Madère-sur-vigne

Par Pierre Franklin Tavares|10 janvier 2016|Actualités

Je voudrais ici, par le souvenir poétique, saluer mon père avec Madère-sur-Vigne, l’un de deux poèmes que je lui ai consacrés, et extrait de mon recueil Le Livre des Sodades. Ce 10 janvier 2016, il aurait eu 96 ans. Il fut, tour à tour, Maître bottier, Armateur, Grand planteur (tabac) et industriel du cuir.

En bon disciple d’Aristote et de Montesquieu, il a toujours cru que l’éducation scolaire était un axe essentiel de la vie qui formait de bons citoyens.

Pour accompagner la lecture et la méditation de Madère-sur-Vigne, j’ai choisi deux supports. Le premier est un ensemble de photographies qui reprennent quelques phases essentielles de sa vie, centrée autour du travail, de la famille et de l’engagement politique. C’est de mon père, Gonçalo Amarante Tavares, que je tiens l’endurance dans la pensée.  Le second support est une chanson, Brada Maria (Cri ou Prière à Marie), réputée être la première Morna officielle où domine la figure de Marie, « la plus belle fleur de la poésie », pour reprendre le mot de Heine.
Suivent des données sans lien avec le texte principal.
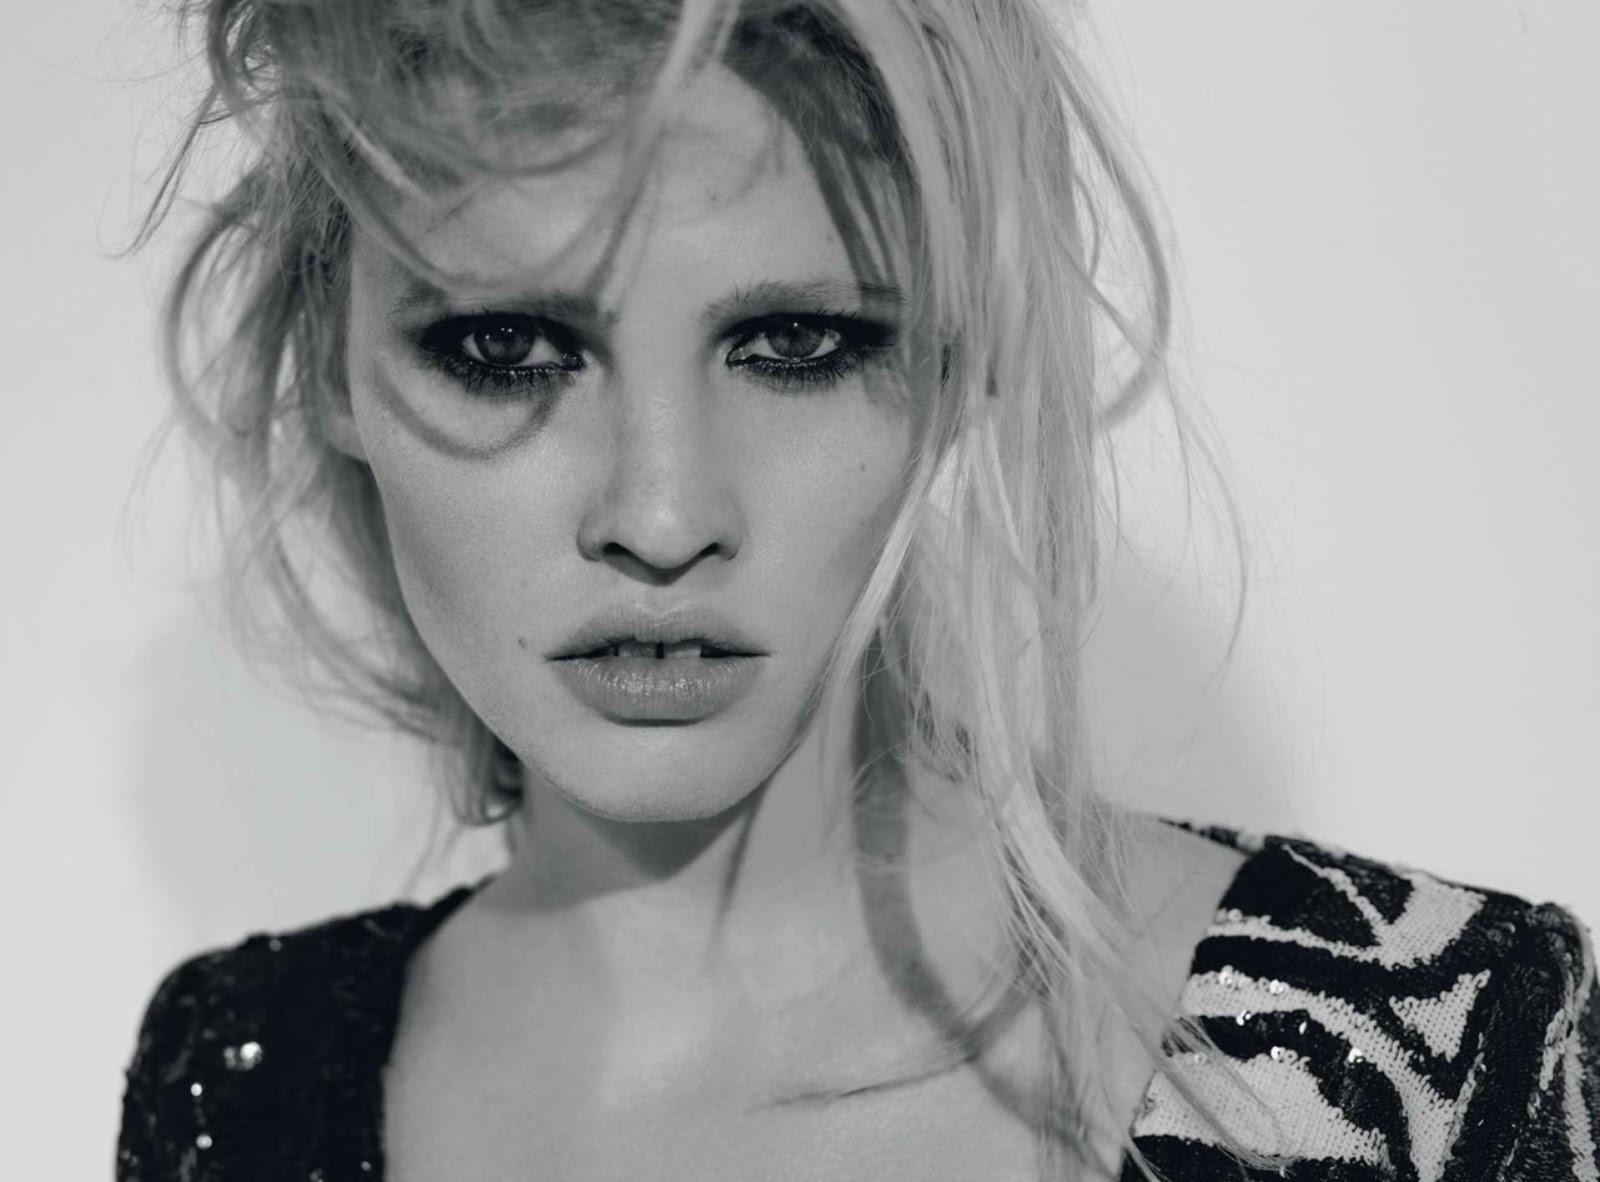 Aliya Galyautdinova nudes (88 images) Fappening, Facebook, braless
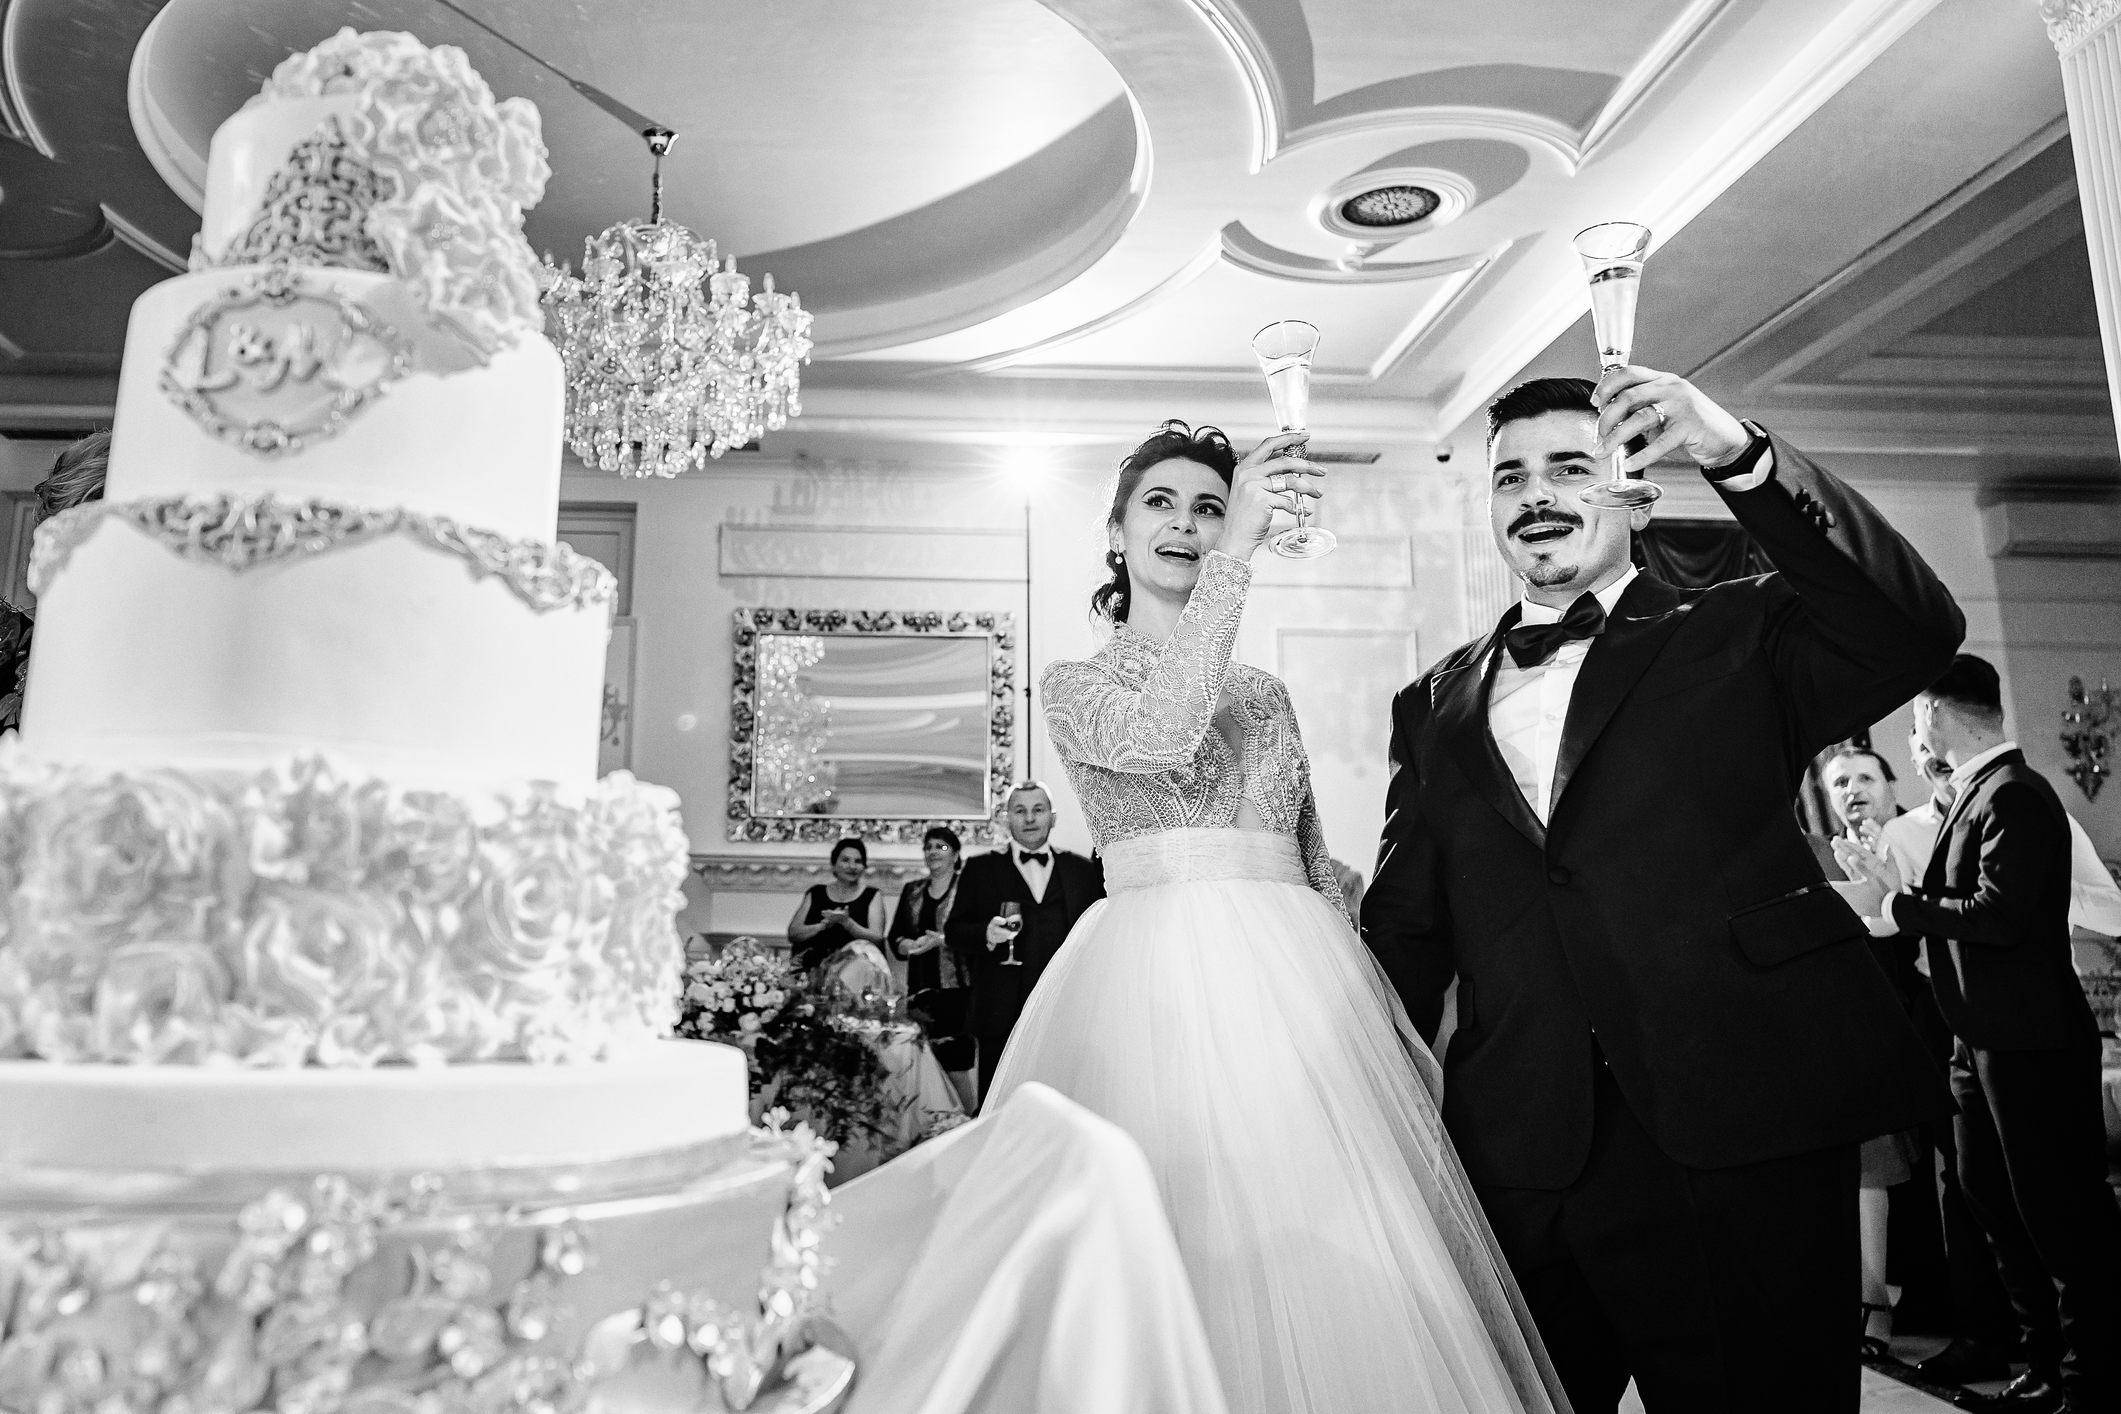 fotograf nunta bucuresti laurentiu nica  31 - Lorena & Matei | Fotografii nunta Bucuresti | Restaurant Domeniul cu Ciresi

C’est le clin d’œil filial à ma mère Peimpa.

 

MADÈRE-SUR-VIGNE
À mon père, et pour son vin

Ô les Napées, belles et souriantes !
Sur les maigres flancs insulaires des coteaux pentus et escarpés,
Où dorment paisiblement en longueur les vents d’est,
Alors que des pluies mesurées aiment à s’abandonner,
Un terroir magnifique s’émeut de générosité.
Là en effet, une pourpre saison de grappes,
Réclame vendanges.

Alors, en cette belle saison, lourds de paresse divine,
Prenez et gouttez donc ces baies sucrées de Lyéus,
Des hottes et des dos vont et viennent dodelinant.
Ils accomplissent les rites de l’enfant éternel
Ô Euïos, frère du Christ et d’Hercule.

Puis s’ouvre le ressat, après les lumières de septembre,
Où sont présentes toutes les divinités rieuses et joyeuses,
Également celles qui inspirent aux poèmes de vin
Beauté, attrait et souvenir ?
Derrière les sarments dépouillés,
Se tiennent des Satyres qui observent, embusqués.
Font-ils de nouveau l’antique escale, en route pour l’Inde ?
L’empire oriental de Bacchus est-il de nouveau à préserver ?
Là-haut, thyrses et tambourins.
Proche,
Un cortège sillonne le Ciel !
Silène,
Des Bacchantes en un ululement
Et Dionysos-Élélée,
Dive coupe,
Lierres,
Et pampres en couronnes.

Pareils à Prométhée, ils répandent sur Terre
Les hermétismes de la vinification.

O Madère de Funchal !
Je revois tes cuvaisons enthousiastes avec leurs chapeaux de marc.
Et dans la recherche patiente des équilibres énigmatiques,
Actifs, semblables aux divinités anciennes, vont les InVisibles,
Ces levures qui relancent le moût, le glycérol qui alourdit,
Le soufre qui protège et coud une robe intense,
Le tanin qui, au mystère, donne une structure rationnelle,
Et tous s’harmonisent en un sombre secret de lumière sucrée
Qui exhale une riche palette d’arômes.

Ô Madère de Funchal, île ardente.
Dans le souvenir de tes volcans endormis,
Tes fruits fermentent et ton nom redit le Bois.
Et dans les fûts de madeira, comparables à ceux du Tronçais,
Que d’habiles tonneliers ont conçus,
Non loin de la vinée, la récolte de Lénéus,
Entre densité et brillance,
Repose enfin apaisée en vin,
Au pied du cantique isaïen de la vigne.

Mes yeux ont apprécié les robes sublimes,
Combien de vents doux ont levé à mon nez la multitude de bouquets
Qui enivrent ? Et combien mon palais a vécu la joie des goûts délicats ?
Mais par-delà les sens qui codifient la dégustation profane,
Tout vin n’est accompli que par le Mythe et dans le Souvenir.

Alors, je revois encore la tablée divine, ce banquet des élus
Où se tiennent Ampélos, Staphylos, Dionysos,
Et Hercule, et Œnée et mon père,
Avec leur coupe de cristal.
Et tous boivent, non pas en mémoire,
Mais en souvenir du plus noble d’entre eux : le Christ.